4. How do the New Generation (New Gen) consoles compare in terms of total global sales for combined 2014 and 2015?¶

New Gen platforms in this dataset are PS4, XOne and WiiU.

In [20]:

df_year_filter = df['Year'].between(2014, 2015, inclusive = True)
df_platform_filter = df['Platform'].isin(['PS4', 'XOne', 'WiiU'])
df_pivot_table = df[df_year_filter & df_platform_filter].pivot_table('Total_Sales', index = 'Platform', aggfunc = 'sum')

In [21]:

df_pivot_table.plot(y = 'Total_Sales', labels = df_pivot_table.index, kind = 'pie',
                    autopct = '%1.1f%%', startangle = 90, legend = False, fontsize = 14, figsize = (12, 12))
plt.axis('off')
plt.show()

Observation
The Global Games Sales leader among new Gen consoles is PS4 accounting for more than half of the sales of all three platforms.

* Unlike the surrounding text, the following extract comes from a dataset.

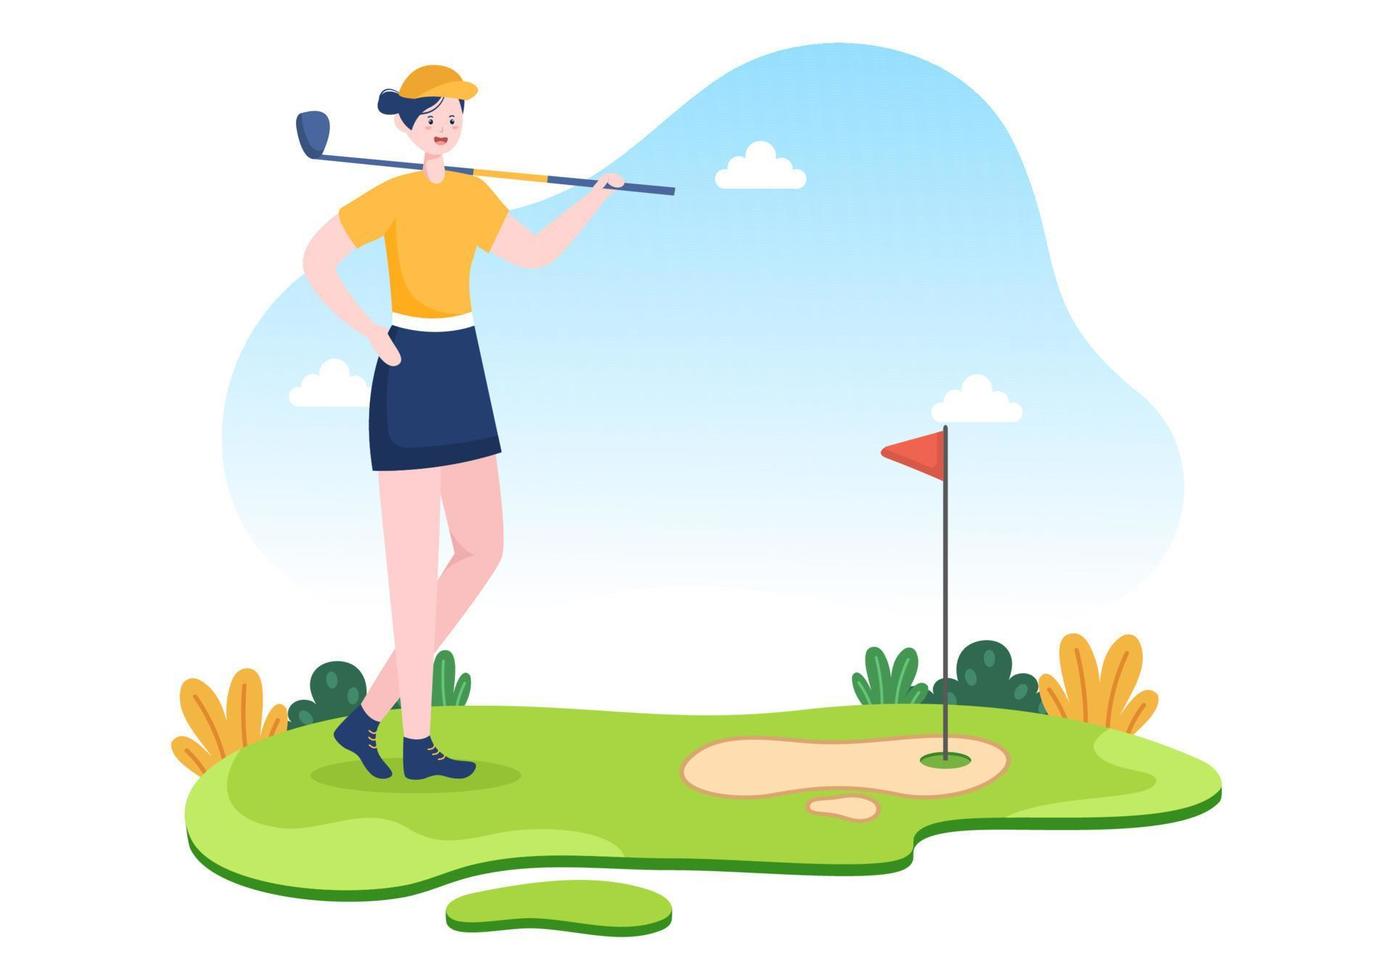 giocare a golf con bandiere, terreno sabbioso, bunker di sabbia e attrezzature su piante verdi da cortile all'aperto nell'illustrazione piana del fondo del fumetto vettore

5. What are the top 10 game titles with the highest global sales?¶

In [22]:

df_pivot_table = df.pivot_table(values = 'Total_Sales', index = 'Name', aggfunc = 'sum').sort_values('Total_Sales', ascending = False)
df_pivot_table = df_pivot_table.head(10) # filter out 10 top game titles

# create a color palette, mapped to Publisher
#
# unique_games = df.drop_duplicates('Name')[['Name', 'Publisher']].set_index('Name')
# df_pivot_table['Publisher'] = df_pivot_table.index.map(lambda game: unique_games.loc[game]['Publisher'])
# unique_publisher = df_pivot_table.drop_duplicates('Publisher')['Publisher'].tolist()
# cmap = matplotlib.cm.tab20c
# mini=0
# maxi=len(unique_publisher)
# norm = matplotlib.colors.Normalize(vmin=mini, vmax=maxi)
# colors = [cmap(norm(unique_publisher.index(game[1]))) for game in df_pivot_table.values]
#
# df_pivot_table.plot(kind = 'bar', legend = None, color = colors, figsize = (12, 6))

df_pivot_table.plot(kind = 'bar', legend = None, color = 'darkred', figsize = (12, 6))
plt.xlabel('Game title')
plt.ylabel('Total sales')
plt.show()

Observation
Top 10 game titles in terms of all-time Global Games Sales.